If I were his lawyer I'd advise defending against an interim order though. Particularly since he's not in the family home and presumably having to shell out for rent / running his own household.

If she's only working 20 hours a week and kids are in school, there is an expectation that she maximises her earnings.

Particularly if he is having children two nights in the week and one at weekends (so 3/7, not far off 50/50).

She sounds like she may also be entitled to benefits, so that might be worth exploring in the short term.

sparkycats · 23/02/2022 18:23

@millymolls

I think she could file for maintenance pending suit. Ie an interim order - again she needs a solicitor
He's offered £350. A quick calculation shows he should pay more like £500 but then he's not taking any of the house.
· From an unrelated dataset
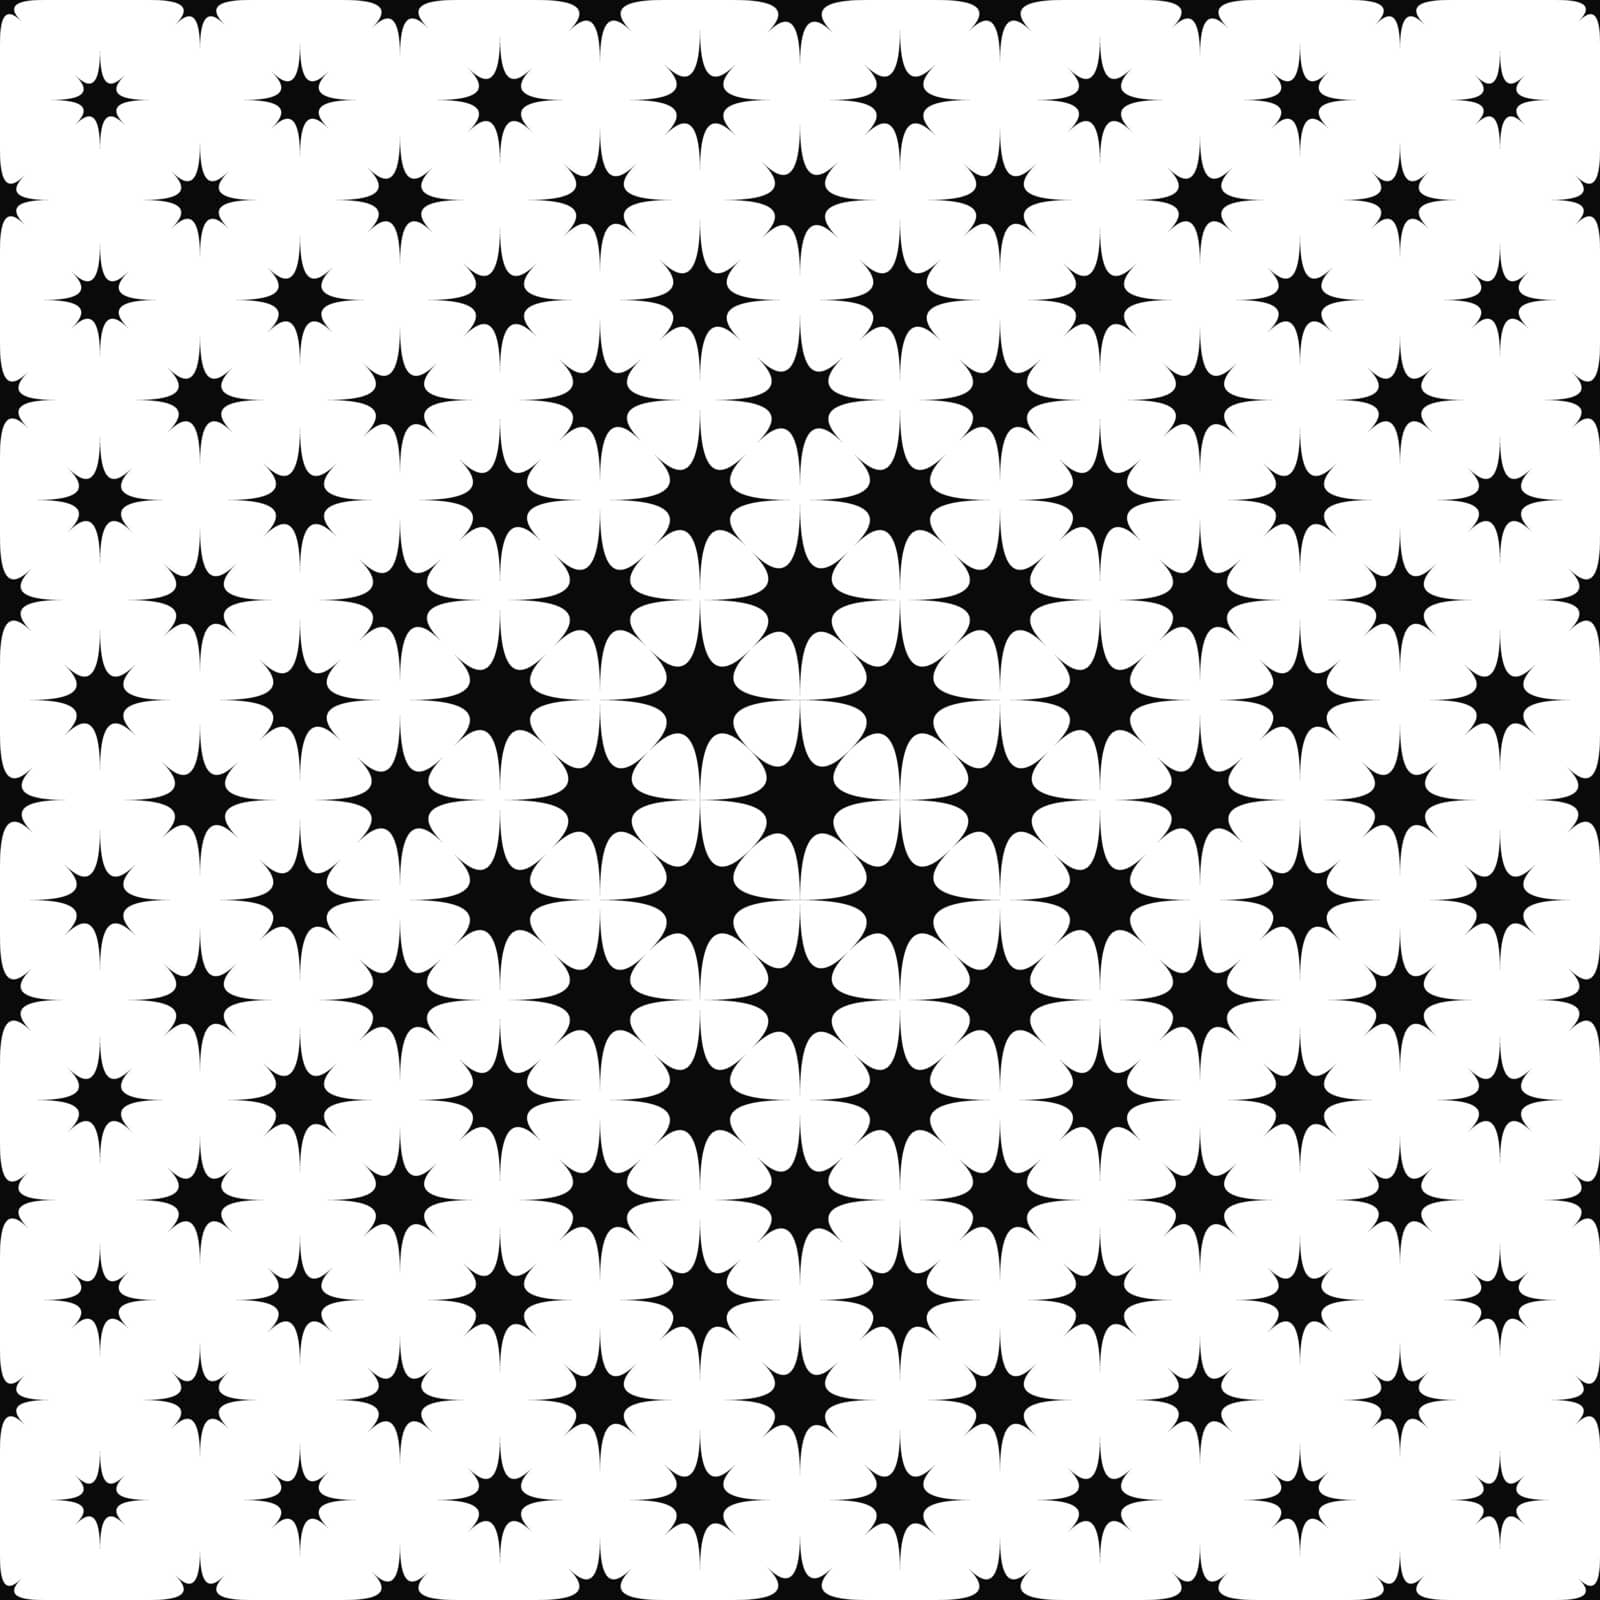 Monochrome repeating curved star pattern by davidzydd

He's starting from scratch and has his own house to pay for. I can see his POV but unfortunately whenever we try to gentle give his POV to our friend she gets very angry. I also think he's got himself in the shit financially a d think he's potentially loosing his job.

OP posts:
OnceUponAThread · 23/02/2022 18:25

Interim order might work though. The disparity in incomes pre-divorce is fairly stark.

Again it's so hard to tell without knowing.

  1. how much the mortgage is
  2. how much he earns
  3. how much it's costing him to house himself in the interim
  4. how much she earns
  5. how much he's spending servicing debts

Etc.

CM should definitely be a priority, but definitely worth exploring an interim order with a solicitor

HalfShrunkMoreToGo · 23/02/2022 18:32

Just put the details you've given 8n to the CMS calculator, assuming £80,000 a year, 1 child, no other children anywhere else, 2-3 nights a week with him then the CMS payment would be £501 a month.

The question is whether he would pursue the house if she insists on the full entitlement, and if he did would she end up worse off by getting 5hat extra £150 a month.

sparkycats · 23/02/2022 18:35

@OnceUponAThread

Interim order might work though. The disparity in incomes pre-divorce is fairly stark.

Again it's so hard to tell without knowing.

  1. how much the mortgage is
  2. how much he earns
  3. how much it's costing him to house himself in the interim
  4. how much she earns
  5. how much he's spending servicing debts

Etc.

CM should definitely be a priority, but definitely worth exploring an interim order with a solicitor

Thanks. I wonder if going down that road would leave her with more or less.

He earns £80k I think. She earns probably around £200 per week I would say if you take it as £10 per hour x 20. She has much more earning potential though as dc at school but doesn't want to increase her hours.

Their mortgage is very small. Unsure of the amount. Only taken out to pay off his debts and a small extension on the house.

His budget for a rental was £1400 I think so his costs are upwards of that. He did have a ridiculously expense car on HP but has got rid of that now.

She seems like she's not going down the solicitor advice route. I think her parents have agreed to support her.